Dostlarım, ailem ve çevrem de sağolsun motive ve vesile oldular.
Türkülerle yeniden temas etmek, kendi müzikal yolculuğuma da dürüst olmak demekti. - “Seyir” dört albümlük bir proje, toplam 16 türkü içeriyor.
Burada amacınız türkülerin toplumsal bellekteki yerini tazelemek miydi?
Başka ne gibi amaçlarınız var?
Evet, en temel amaçlardan biri bu.
Türküler sadece geçmişin değil, bugünün de aynası.
Ben gezgin bir insanım.
Tüm dünyayı gezmeyi hedefliyorum. “Seyir” biraz da durup bakmak, hatırlamak ve yeniden hissetmek demek.
Bunun yanında şunu da istedim: Türküleri kendi çalacağım sazlarla, tarzla bugünün insanına temas eden bir dille söyleyebilmek.
Uzun soluklu olmasının sebebi de bu: Aceleye getirilmiş bir iş değil, zamana yayılan bir yolculuk.
KALBE DOKUNANLARI SEÇTİK - Seslendireceğiniz türküleri seçerken nelere dikkat ettiniz?
Önce bana ne hissettirdiğine baktım.
Popülerliği, bilinirliği ikinci plandaydı.
Ekipçe bana yakışanlardan seçtik.
Bir sürü kaydettik, en kalbe dokunanlardan seçtik.
Söylediğimde, “Ben buna inanıyor muyum” sorusuna net bir evet demem gerekiyordu.
Bazı türküler insanı hemen içine alır, bazıları zaman ister.
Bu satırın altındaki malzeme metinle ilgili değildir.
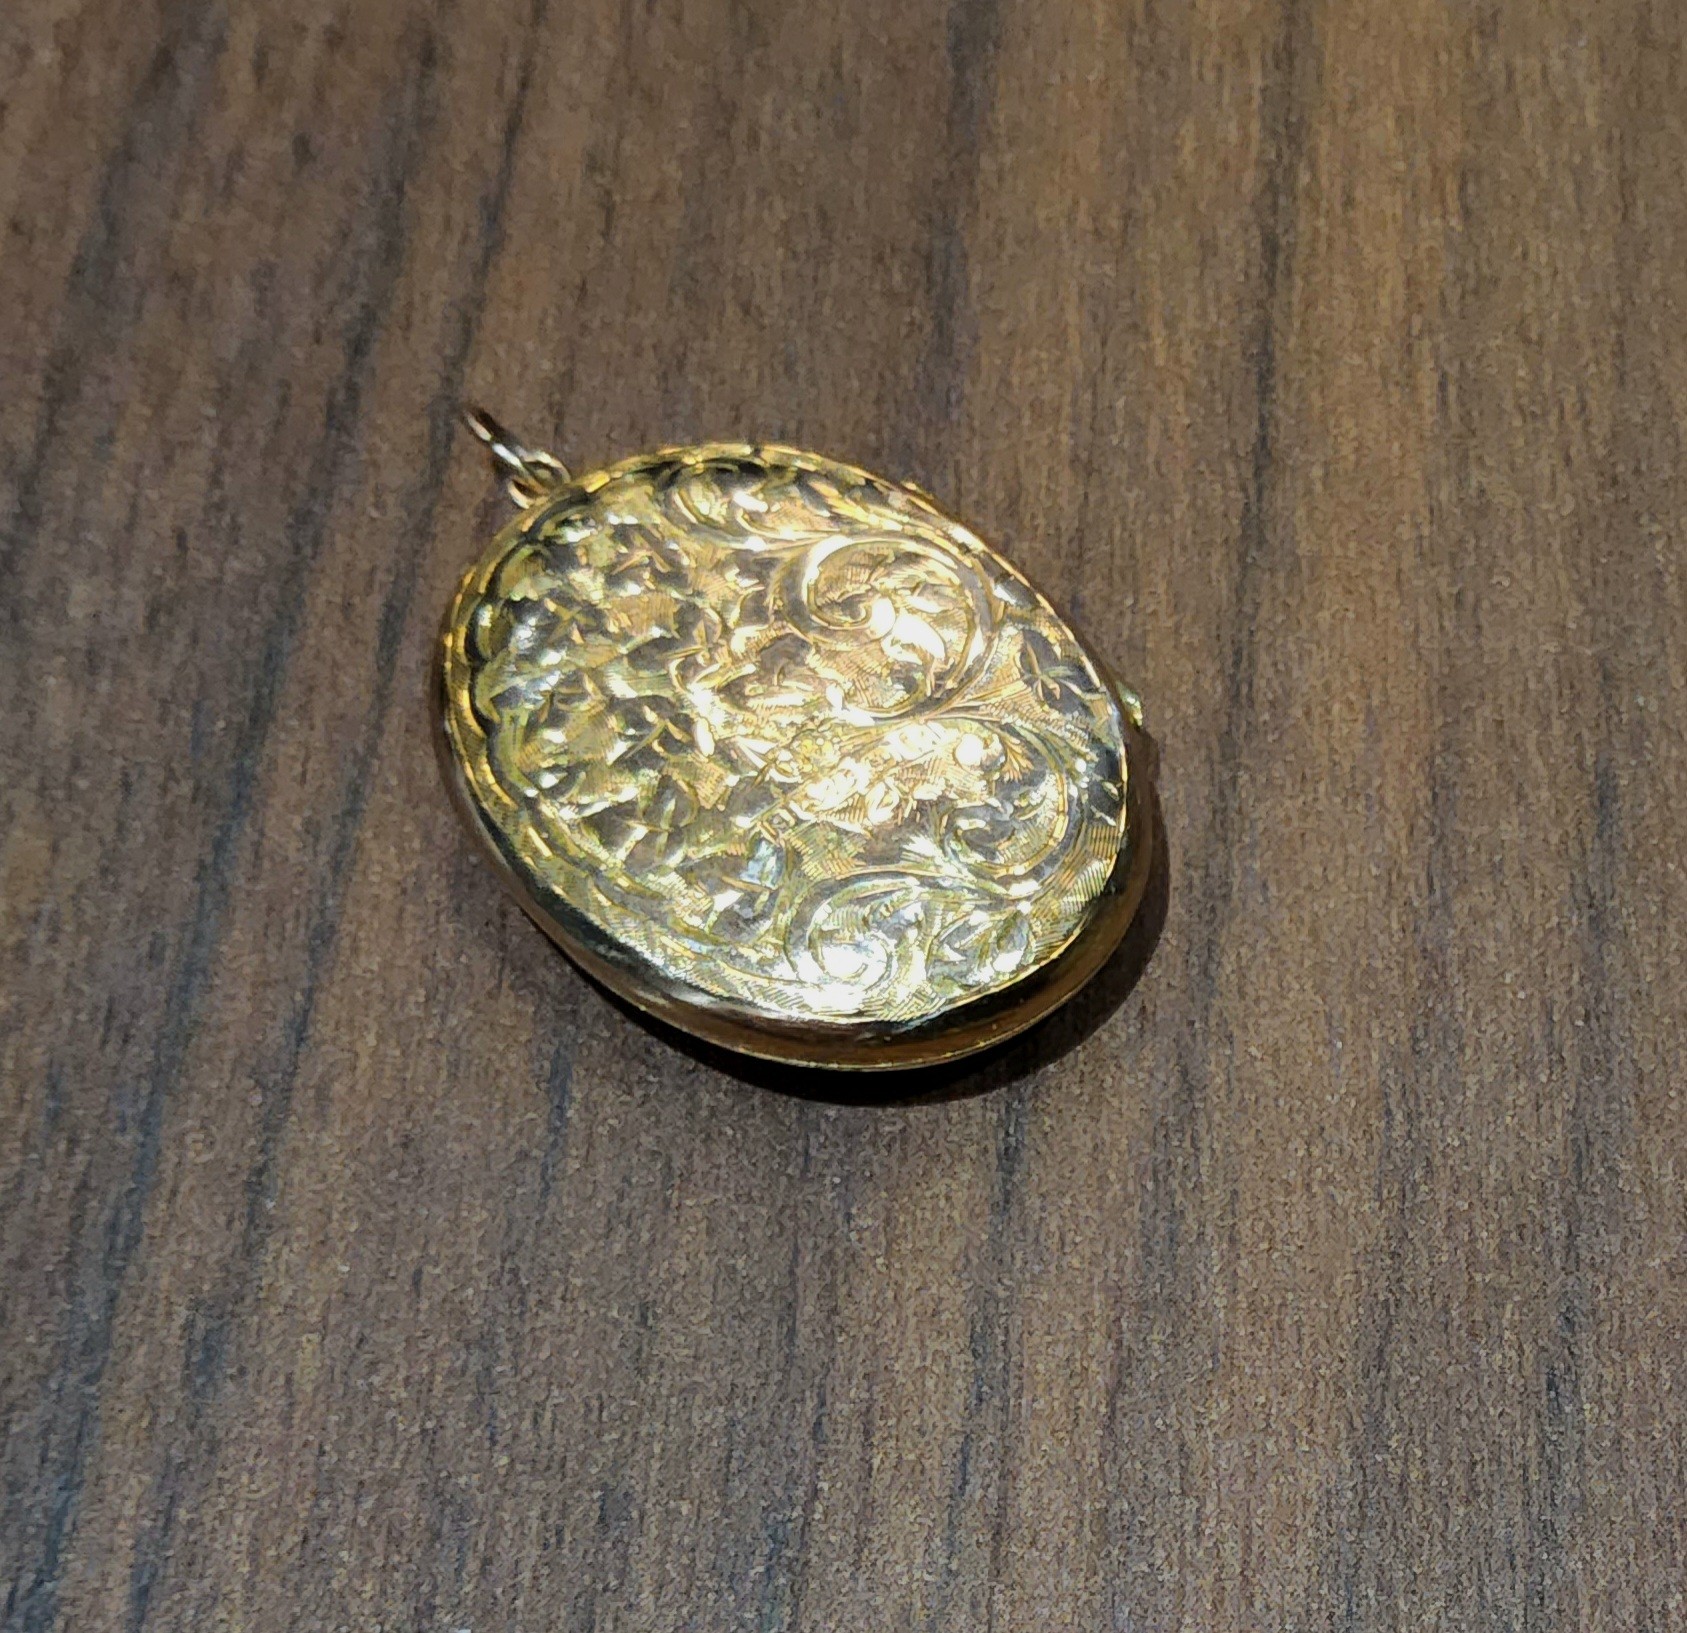 A gold locket, Birmingham, 1918 3.94g

Ben zamana direnenleri seçtim. - Dediğiniz gibi gezgin bir insansınız, dünya müziği ve farklı seslerle ilgilisiniz.
Anadolu’nun sesi bu zenginlik içinde size nasıl hissettirdi?
Anadolu’nun sesi zaten dünya müziğinin kalbinde duruyor.
Tüm dünyayı gezerek kendi öz müziğimi de oradaki müzisyenlerle paylaşan biri olarak söylüyorum; Ne kadar farklı kültür dinlerseniz dinleyin, bu toprakların melodik cesareti ve duygusal derinliği çok özel.
Türkü söylemek bana eve dönmüşüm hissi verdi.
Sanki ne kadar uzaklara gidersem gideyim, merkez hep burasıymış gibi.
YERLEŞİKLİK İHTİYACI - Çok seyahat eden birisiniz.
Türkülere ses vermeniz zamanla gelen bir yerleşiklik isteğinin yansıması mı?
Bence evet.
İnsan yol aldıkça, bir noktada “ait olma” ihtiyacını daha çok hissediyor.
Türküler biraz da içsel bir yerleşme hali benim için.
Fiziksel olarak hâlâ yoldayım belki ama ruhen bir yere oturma isteği var. - Bu yılı üç duyguyla tanımlasanız hangileri olurdu?
Sabır, şükür ve umut: Sabretmekle sınandım.
Ektiğim tohumların meyvesini yiyebilmek için baharı beklemek gibi birşey.
Sancılıydı ama öğreticiydi.
Şükür kısmı çok baskın; elimdekilerin kıymetini değerini bilerek hâlâ kendime bişeyler katabiliyor, yükselebiliyor, unutulmaz maceralar ve anılar bitiktiriyor olmak büyük bir lüks.
Umut da hep orada, en güzel motivasyon kaynağım, çünkü başka türlü devam edemiyoruz. - Hem kişisel hem genel olarak değerlendirirseniz nasıl bir yılı geride bırakıyoruz? 2026’dan umutlu olmalı mıyız?
Kolay bir yıl değildi kimse için ama zorlu yıllar insanı daha gerçek yapıyor. 2026’dan umutlu olmak zorundayız.
Umut bir temenni değil, bir direnç biçimi bence. - Yılbaşı akşamı planınız nedir?
Yeniyıla Antalya’da giriyoruz.
Dinleyicimle çılgın bir eğlence bizi bekliyor.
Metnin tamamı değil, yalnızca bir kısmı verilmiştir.